Les États-Unis restent le seul pays industriel avancé à ne pas disposer d’un parti ouvrier de masse, socialiste ou communiste ayant des liens forts avec le mouvement ouvrier. La gauche débat depuis des décennies des stratégies de «moindre mal» (voter pour les démocrates comme un moindre mal). Les partisan·nes de cette stratégie affirment que le Parti républicain, historiquement pro-entreprise et antisyndical, est qualitativement pire pour les travailleur·ses et les opprimé·es que le Parti démocrate. Les opposant·es à cette stratégie soulignent l’importance d’une politique indépendante de la classe ouvrière, c’est-à-dire en dehors du Parti démocrate, en soutenant des candidats third-party de gauche qui mènent des campagnes de propagande et soutiennent les luttes actuelles des travailleur·ses et du mouvement social, ainsi que la rupture avec les démocrates.
Pour les élections de 2024, les partisan·nes du «moindre mal» soulignent les dangers d’une nouvelle présidence Trump. Certain·es à gauche ont proposé des systèmes d’échange de votes par lesquels un électeur·ices de Harris dans un État à majorité démocrate «sûr» (non gagnable par Trump, NDLR) accepterait de voter pour la candidate du Green Party Jill Stein en échange de la promesse d’un·e partisan·e de Stein dans un État «non sûr» de voter pour Harris.
La plus grande organisation socialiste des États-Unis, Democratic Socialists of America (DSA), a résisté à la dynamique du «moindre mal» et n’a pas soutenu de candidat·e. Lors de l’élection présidentielle de 2020, Solidarity, organisation sympathisante de la Quatrième Internationale, a soutenu le candidat du Parti Vert et membre de Solidarity Howie Hawkins. Cette année, il y a eu très peu de soutien au sein de Solidarity pour un vote de «moindre mal» en faveur de Biden. L’organisation socialiste révolutionnaire appelée le collectif Tempest, n’a pas soutenu de candidat·e, mais a publié des articles contre le choix du «moindre mal» sur son site internet.
Jill Stein a appelé à un cessez-le-feu à Gaza et à un embargo sur les armes contre Israël, et a gagné un soutien très important dans la communauté arabo-américaine.

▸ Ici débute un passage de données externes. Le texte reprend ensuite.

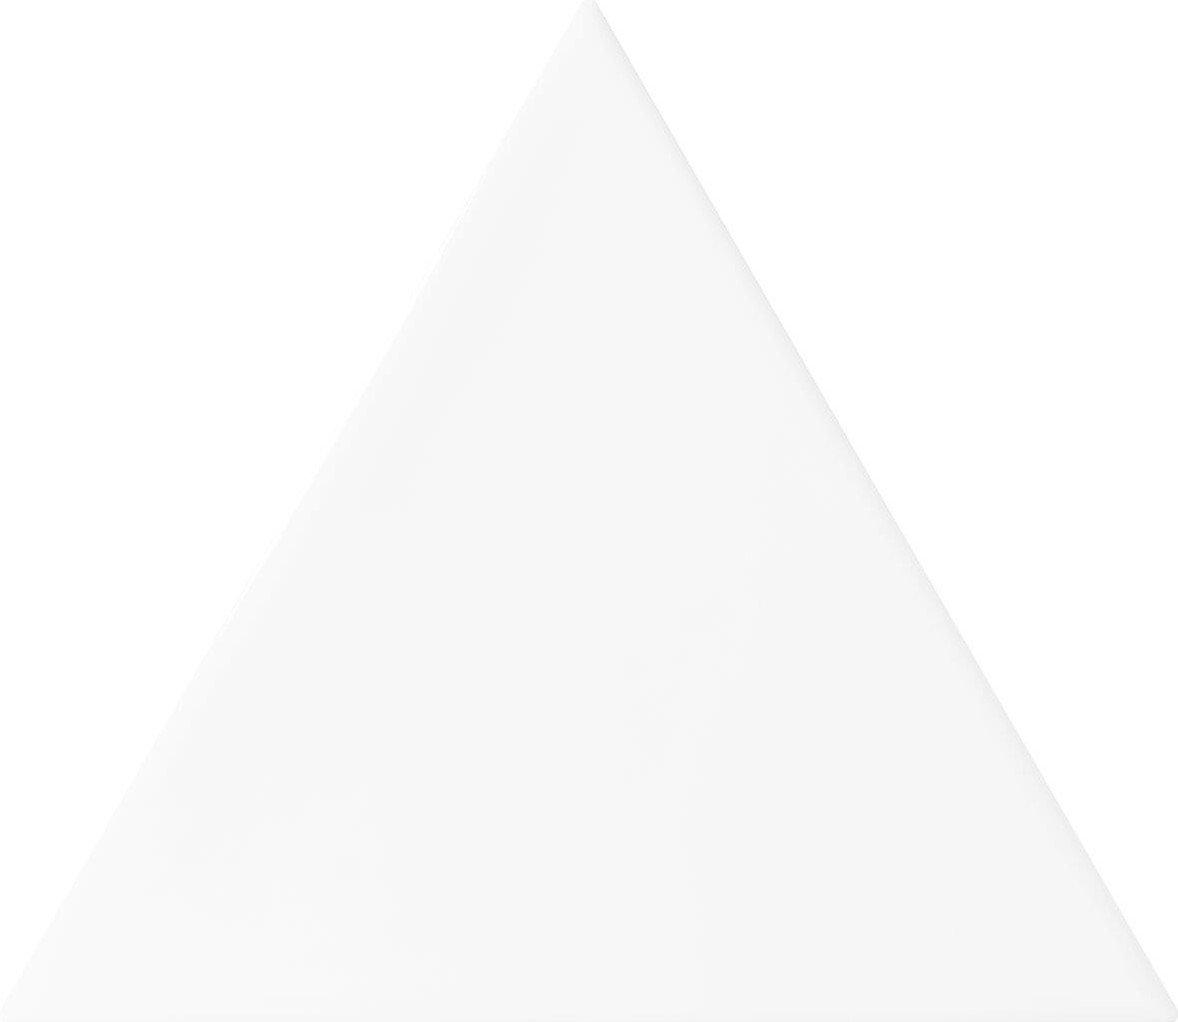 Quintessenza 3LATI driehoek tegel 13,2x11,4 Bianco Lucido

Un récent sondage a montré qu’un pourcentage impressionnant de 43% des Arabes-Américains du Michigan soutiennent Stein. D’autres sondages montrent qu’elle est soutenue par 1% des électeurs et électrices du Michigan. Stein devrait être présente sur les bulletins de vote dans 35 à 40 des 50 États. Dans plusieurs États, le Parti démocrate s’est efforcé d’exclure Stein et d’autres personnes du scrutin, tandis que les Républicains ont cyniquement déposé une pétition pour que l’intellectuel noir progressiste Cornell West soit inscrit sur le bulletin de vote. Il n’a cependant obtenu l’accès au scrutin que dans une poignée d’États.
La crise n’est pas finie
Si Trump l’emporte en novembre, nous pouvons nous attendre à des attaques virulentes contre les immigrés et les personnes LGBQI+, à une tentative d’interdiction de l’avortement à l’échelle nationale, à un encouragement de la misogynie et du racisme des nationalistes chrétien·nes blanc·hes, à des attaques contre les syndicats et les droits de vote des minorités, à la suppression de la sécurité des travailleurs et des protections environnementales, et à une augmentation de l’exploration des combustibles fossiles.
Le Projet 2025, préparé par le «groupe de réflexion» de droite Heritage Foundation et des dizaines d’ancien·nes collaborateur·ices de Trump pendant sa présidence est une liste de courses rassemblant toutes sortes de propositions réactionnaires.
La gauche pourra pousser un soupir de soulagement si Harris bat Trump, mais il restera le soutien des États-Unis à Israël, une grave crise du logement, d’énormes inégalités sociales et la tâche historique de construire un mouvement politique de masse de la classe ouvrière et un parti indépendant des partis des classes dominantes.
Kay Mann
Version abrégée d’un article publié sur le site Inprecor. Coupes de la rédaction.